■ GIVEN DATA

□ □ □ □ □ □ □

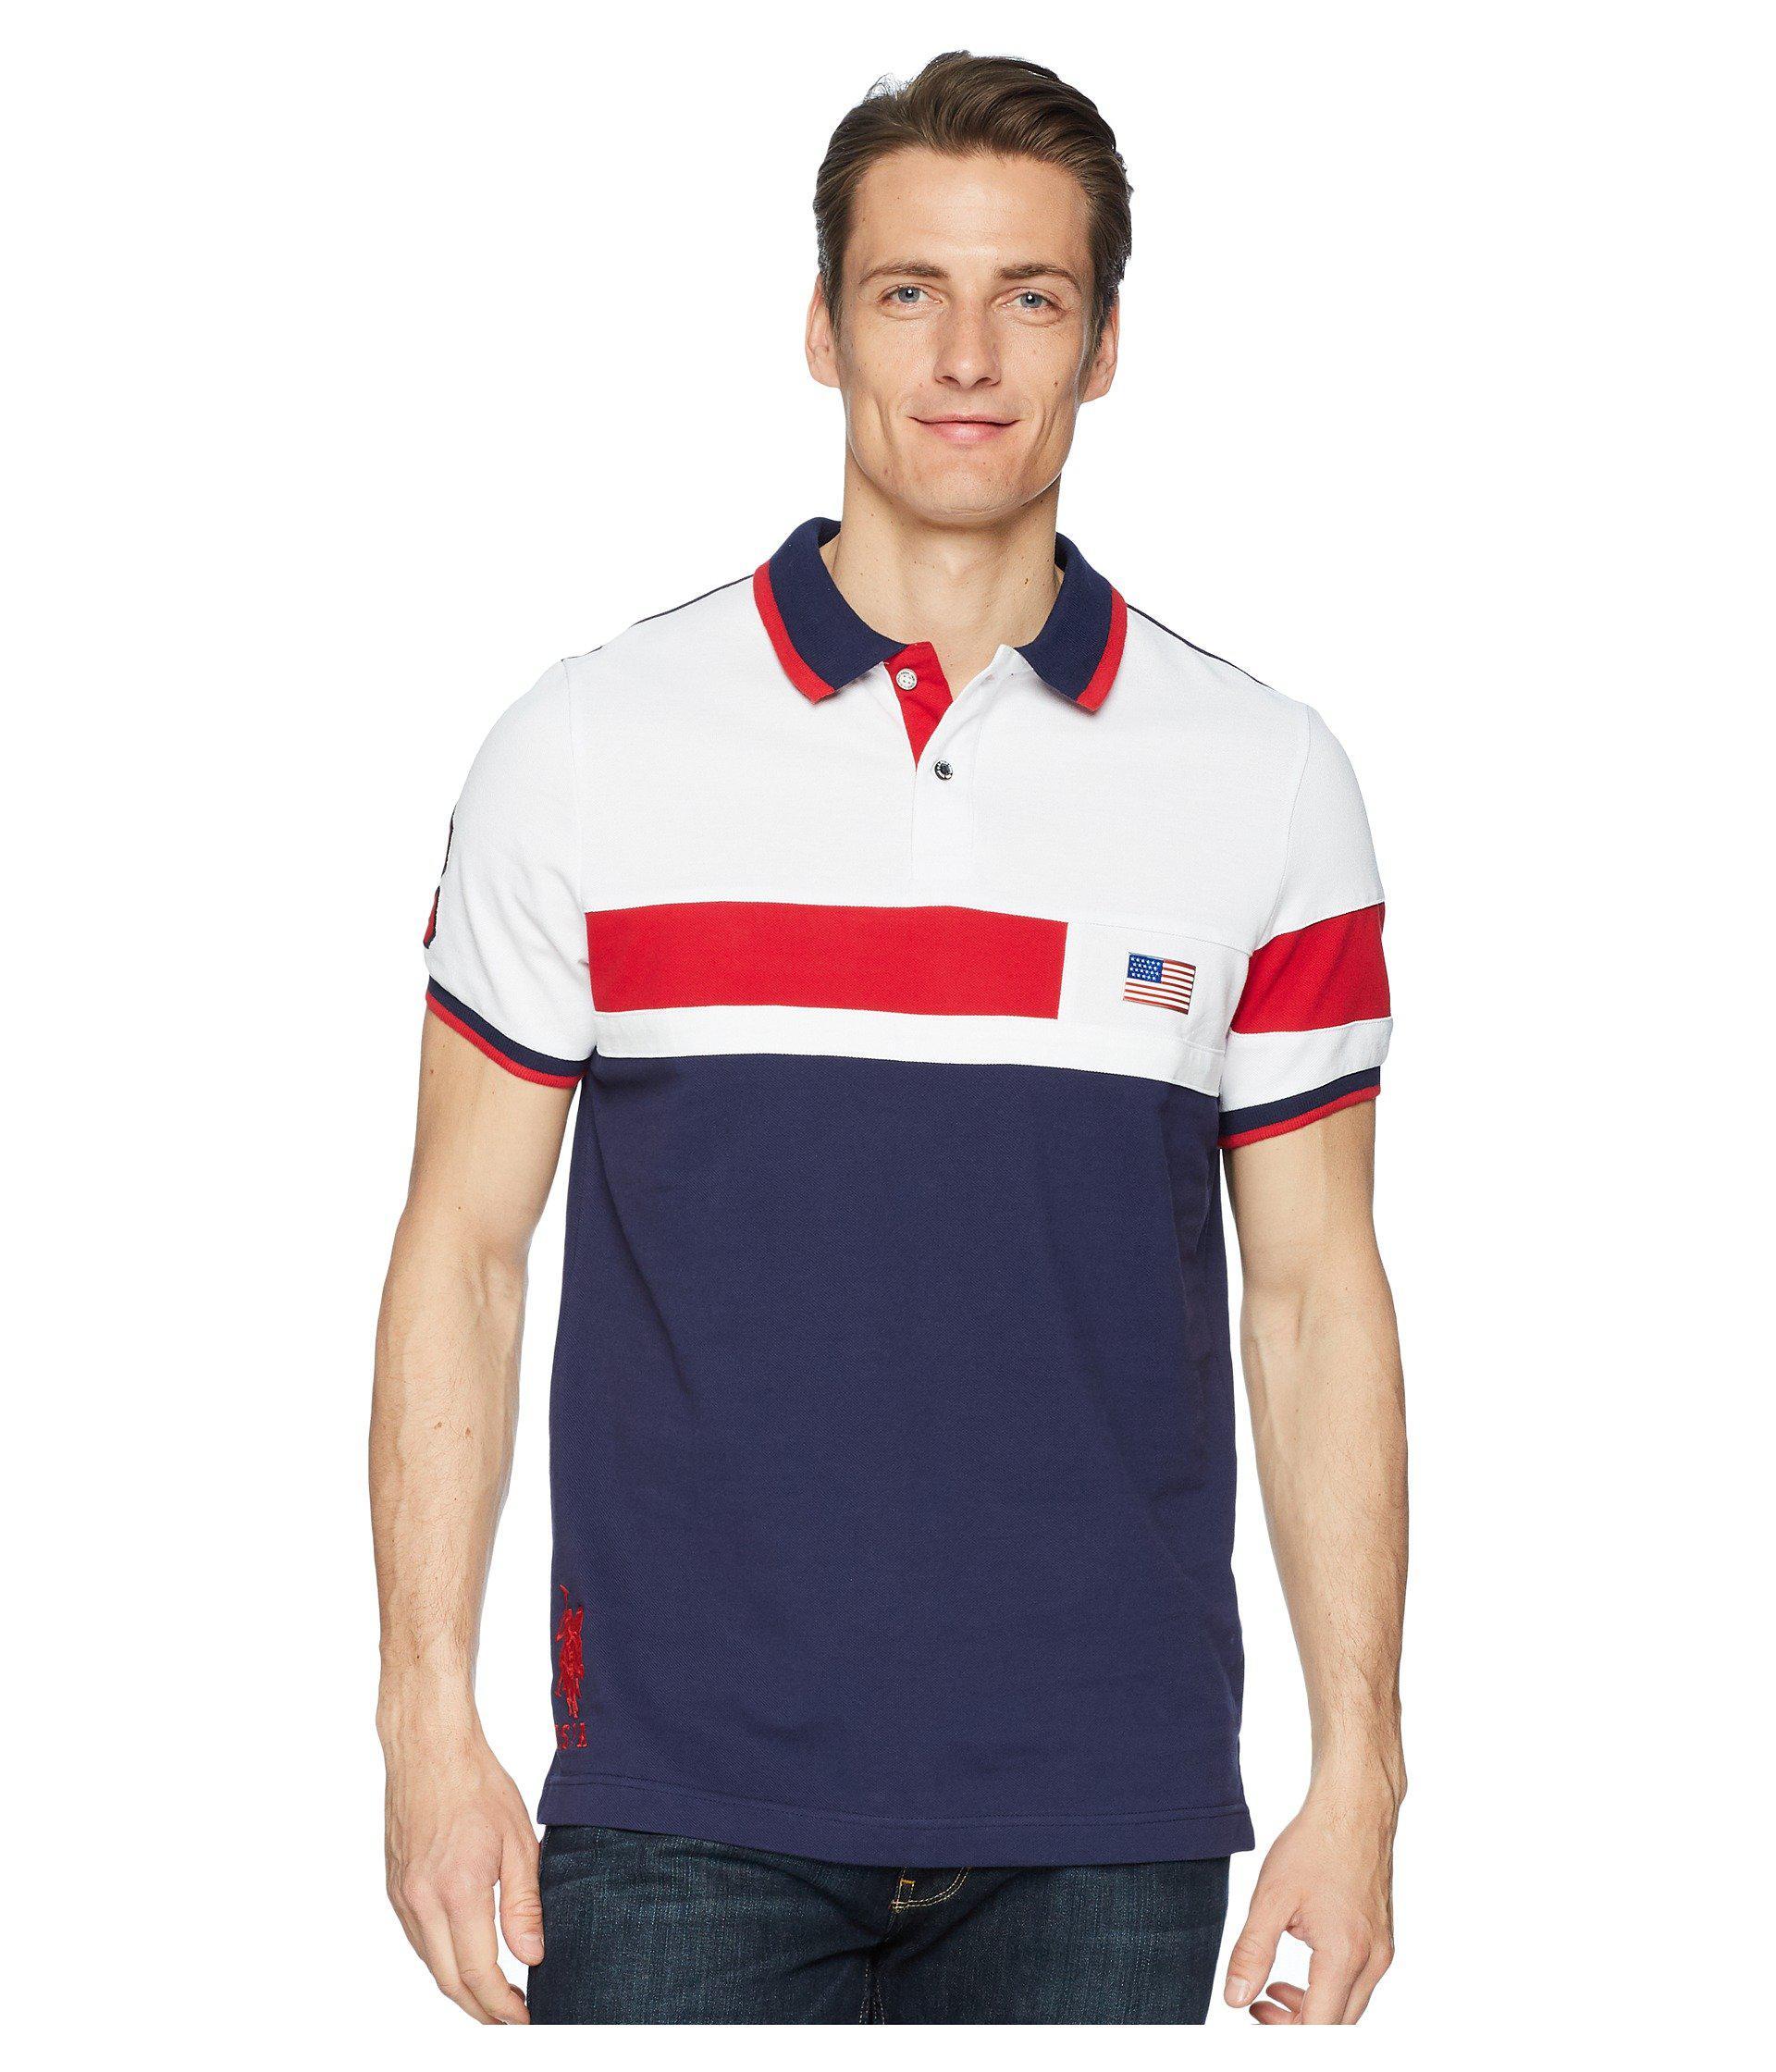 582f46986e Buy Us Polo T Shirts - DREAMWORKS
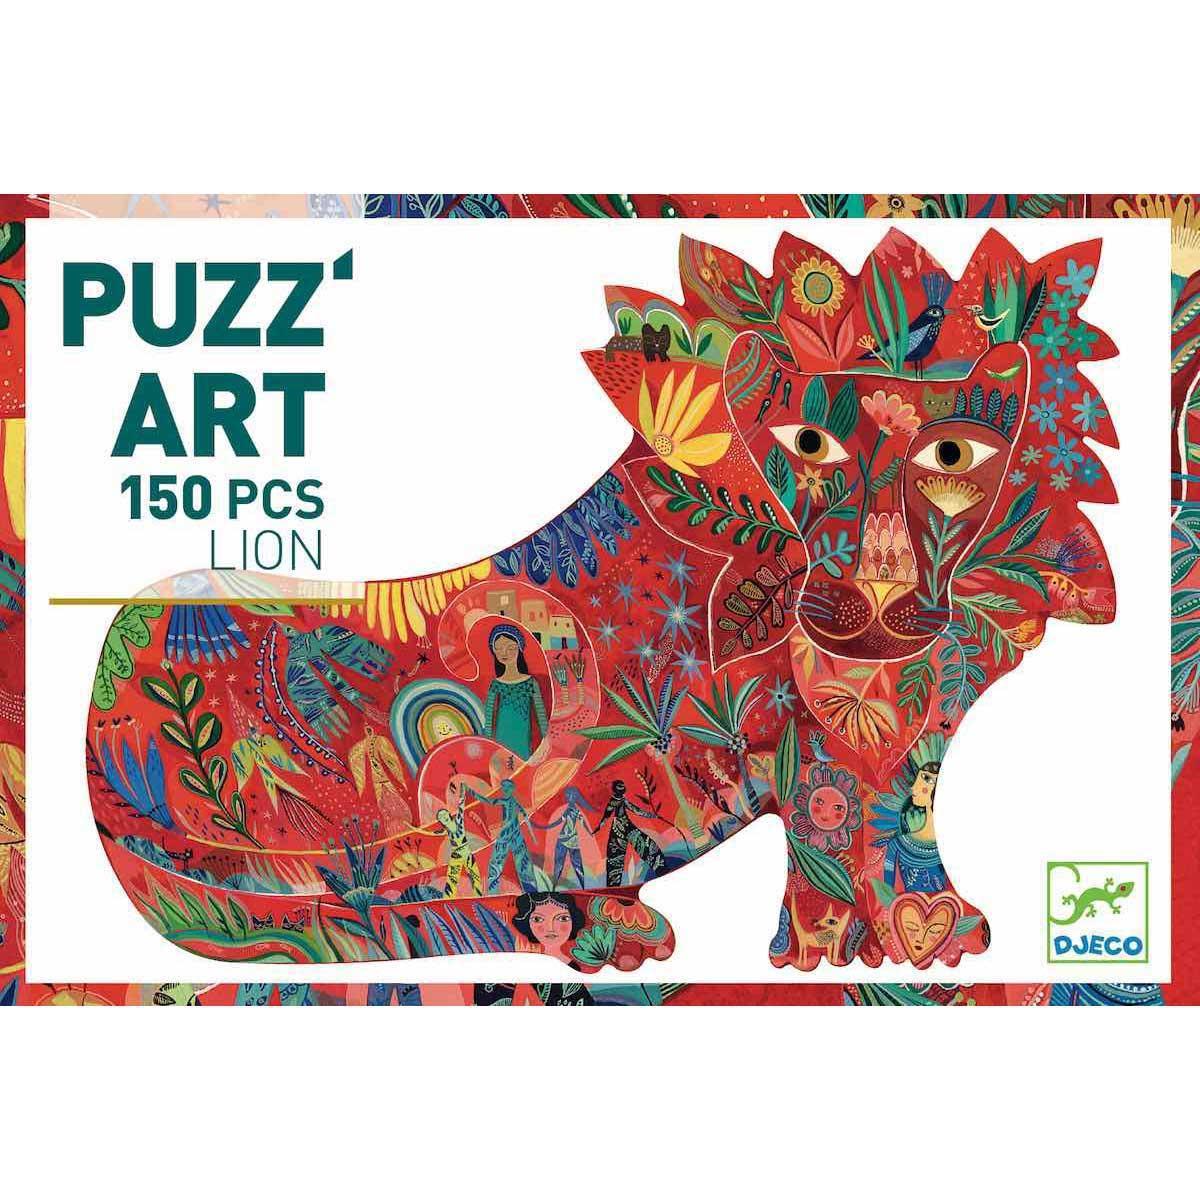 Puzzle PUZZ' ART LION FIER 150 PCES
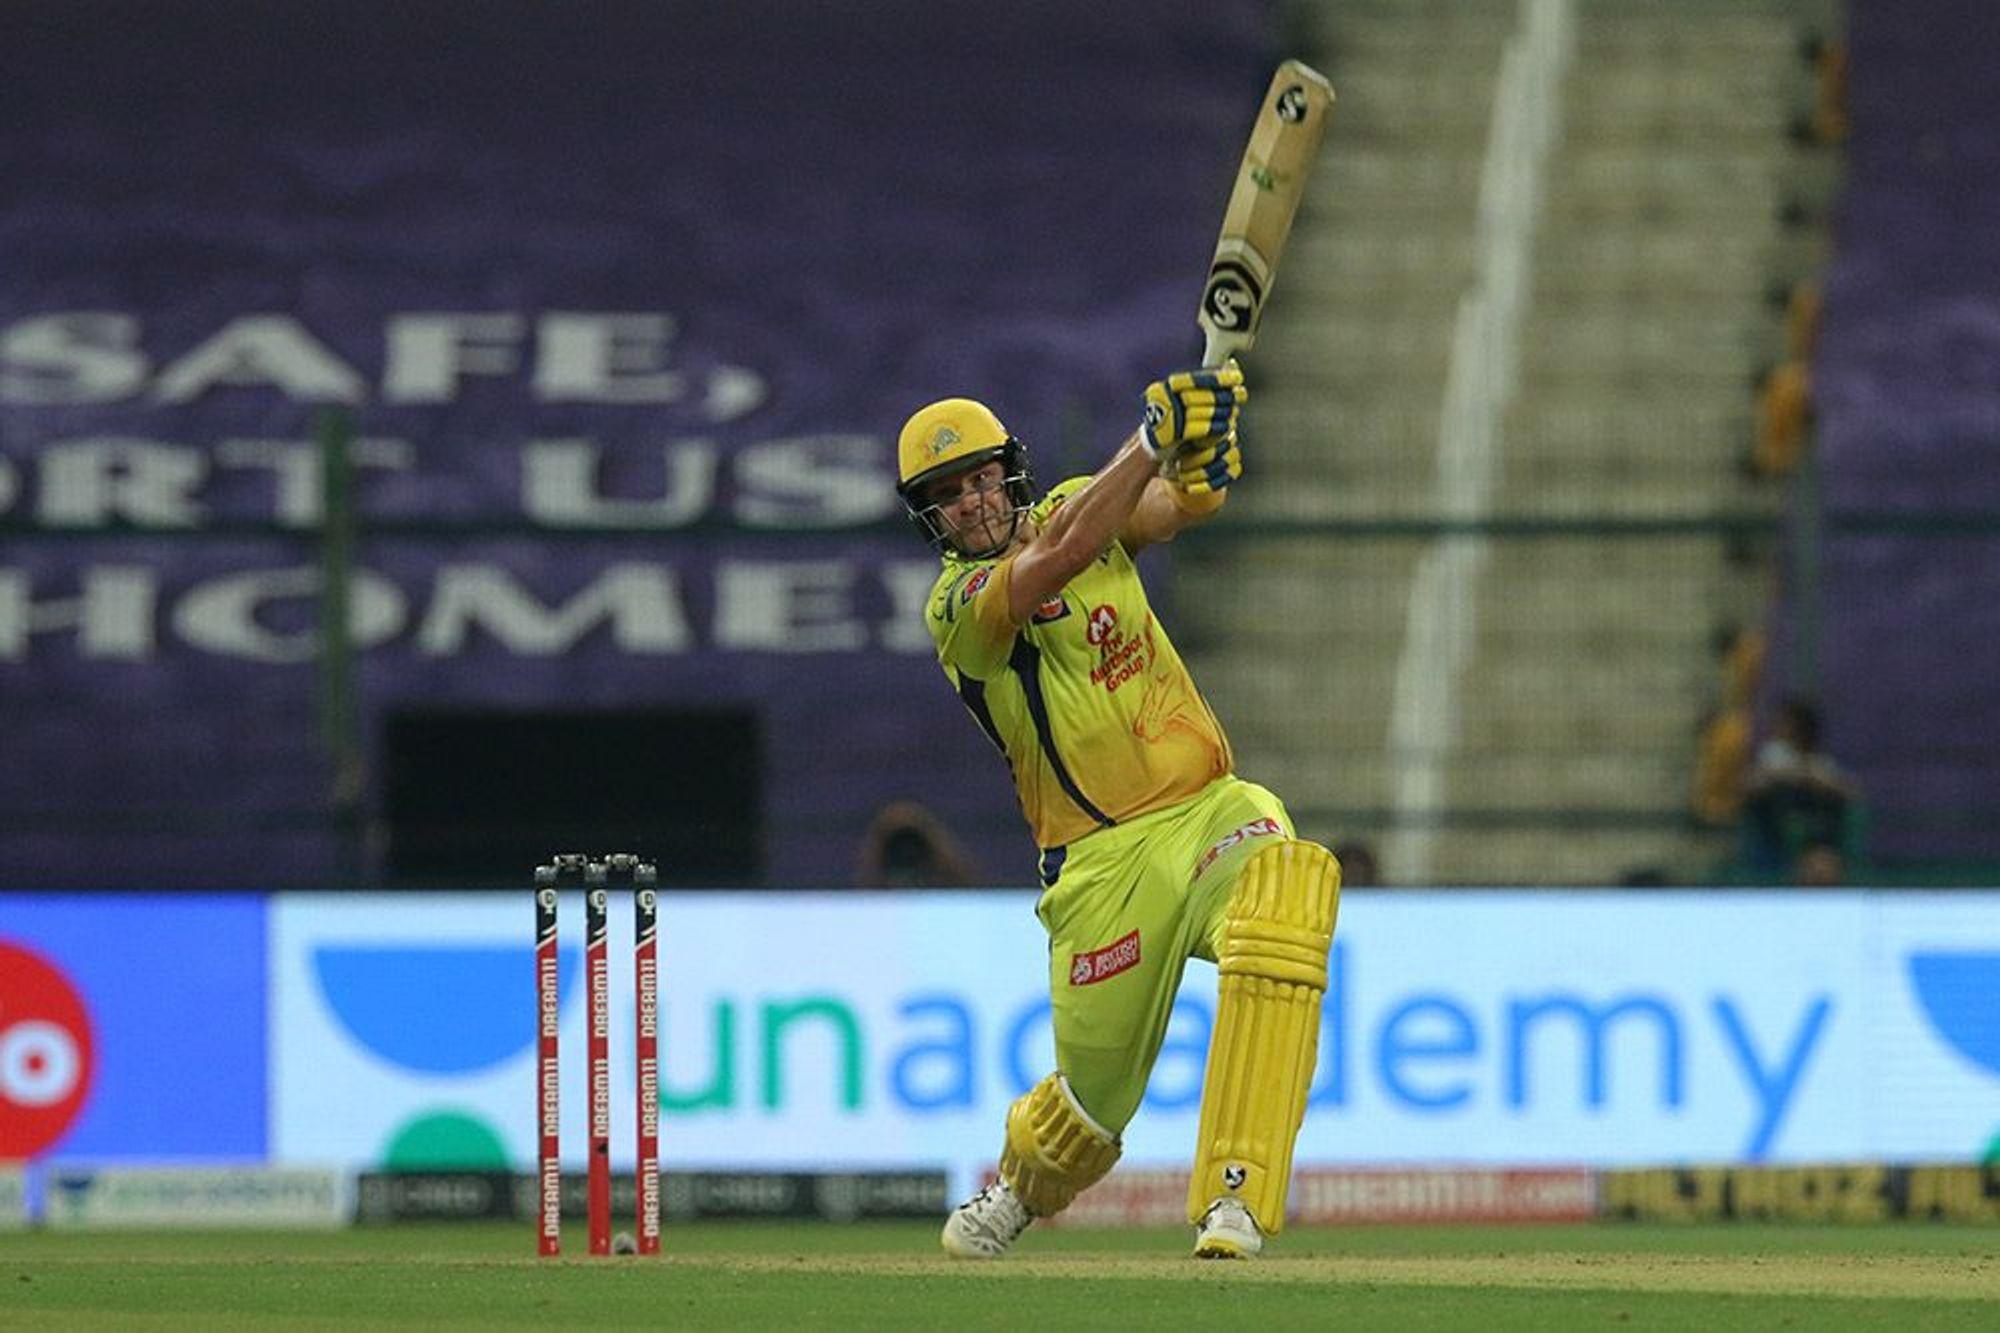 तीन टीमों से खेल चुके ऑस्ट्रेलियाई ऑलराउंडर, दो खिताब विजेता टीम का हिस्सा भी रहे IPL 2021,IPL 2021 - Dainik Bhaskar
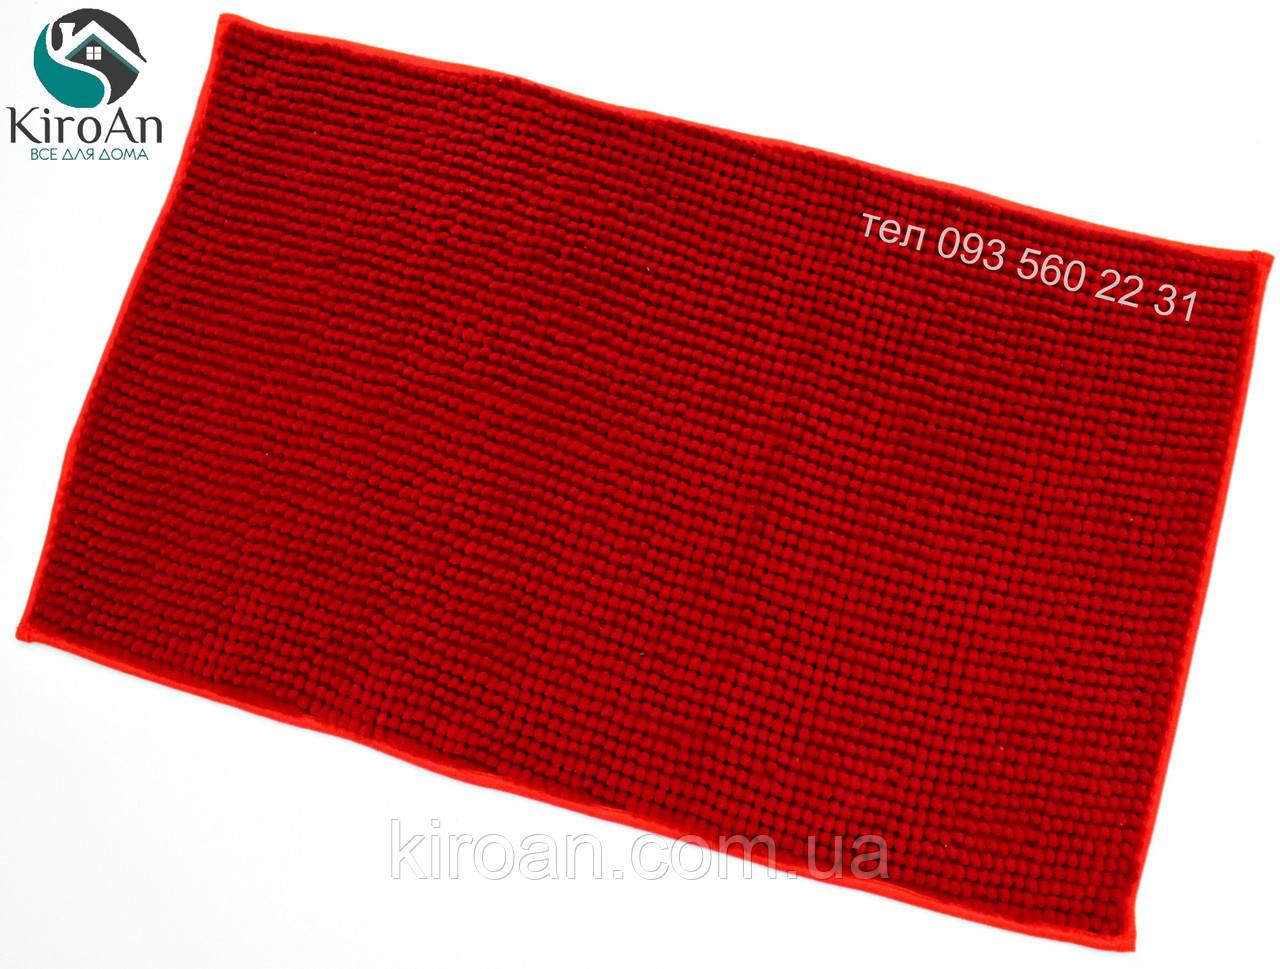 Коврик с коротким ворсом из микрофибры Лапша (макароны) 49х79см Красный

□ □ □ □ □ □ □

■ ABOUT THIS TASK
From the line holding "तीन टीमों से" through the last line of the material above, each line should be written out exactly, both included; omit the pictures.

■ COMPLETED EXERCISE
 तीन टीमों से खेल चुके ऑस्ट्रेलियाई ऑलराउंडर, दो खिताब विजेता टीम का हिस्सा भी रहे IPL 2021,IPL 2021 - Dainik Bhaskar
 Коврик с коротким ворсом из микрофибры Лапша (макароны) 49х79см Красный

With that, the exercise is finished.